古本屋の仕事は、感傷的な仕事である。
もちろん、「本」という、人の心の奥底に届くエモーショナルなものを扱っている点において、新刊書店や図書館でも、感情を動かされる場面に遭遇することは多いだろうと思う。
ただ、古本屋は「買取」という他の職種にない仕事によって、日常的に「死」を意識させられる。
亡くなったご家族の蔵書整理のご相談は毎日のようにあり、いわゆる「終活」でコレクションを整理されたいという方も多い。
一方、2、30年前の本なら「新しめの本」という認識の古書の世界では、買い取ったばかりの本の書き手も、既に故人となっていることがほとんどだ。
今はもういない人たちが、つくり、売り、それを買い、読んできた「本」が、人間の寿命を超えて存在し続け、今ここにあるのだなということが、ふと頭に浮かんで、手元の本をじっと見詰めてしまうことがある。
感傷的にならざるを得ない現場も、時には、ある。
わたしはつい思いを馳せたり、重ねたりしてしまうところがあるので、意識して仕事モードに頭を切り替えて淡々と手を動かすようにすることもある。

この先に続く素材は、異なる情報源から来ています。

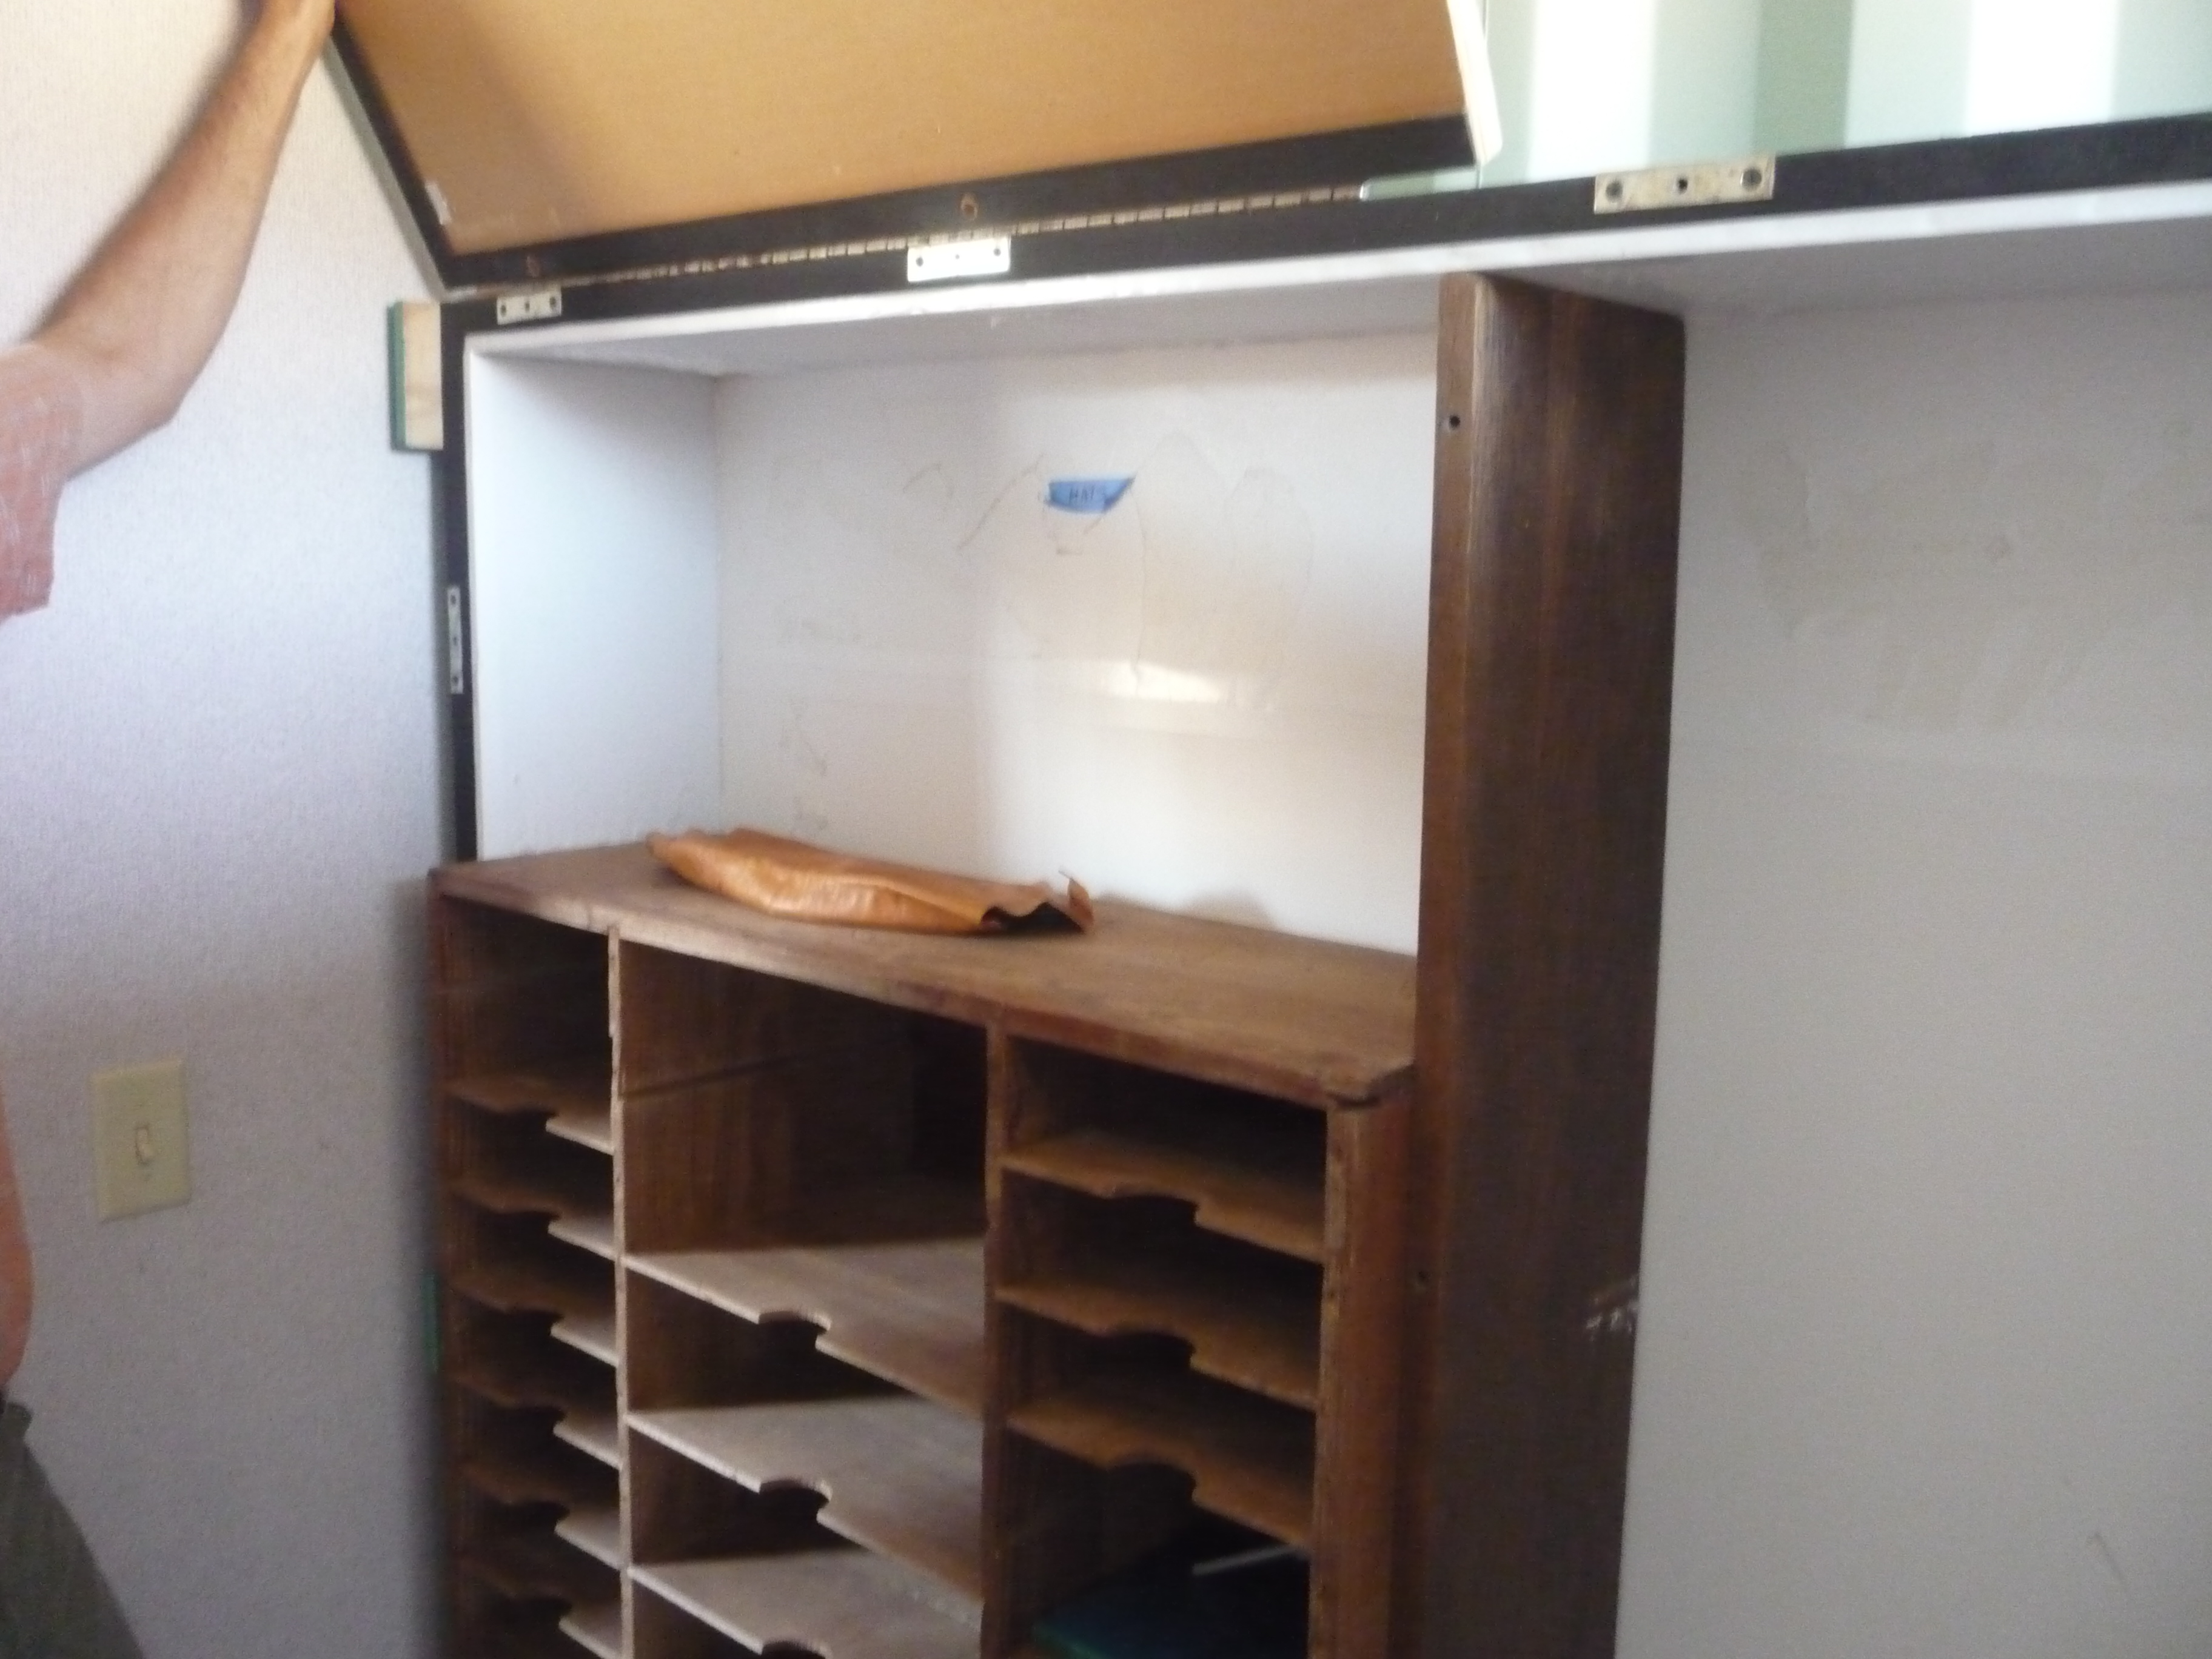 Reused Furniture this week in the shop: reused furniture | woodshopcowboy

いちいち泣いたり胸を痛めたりしていては、誰のためにもならないからだ。
けれど、この感傷にまったく心動かされなくなってしまったら、小さなまちの古本屋の仕事はできないだろうな、とも思う。
古本屋の仕事の世界は、センチメンタルと、なかなかの下衆さと、独特の優しさで満ちている。
それをもっと伝えられたらな、お客様にも理解していただけるだろうし、古本屋の仕事に興味のある良いスタッフにも巡り合えるかもなと、よく思うけれど……話せないことが多すぎる。
知り過ぎてしまう仕事でもあるので、とにかく古本屋は口が固いことがとても大切。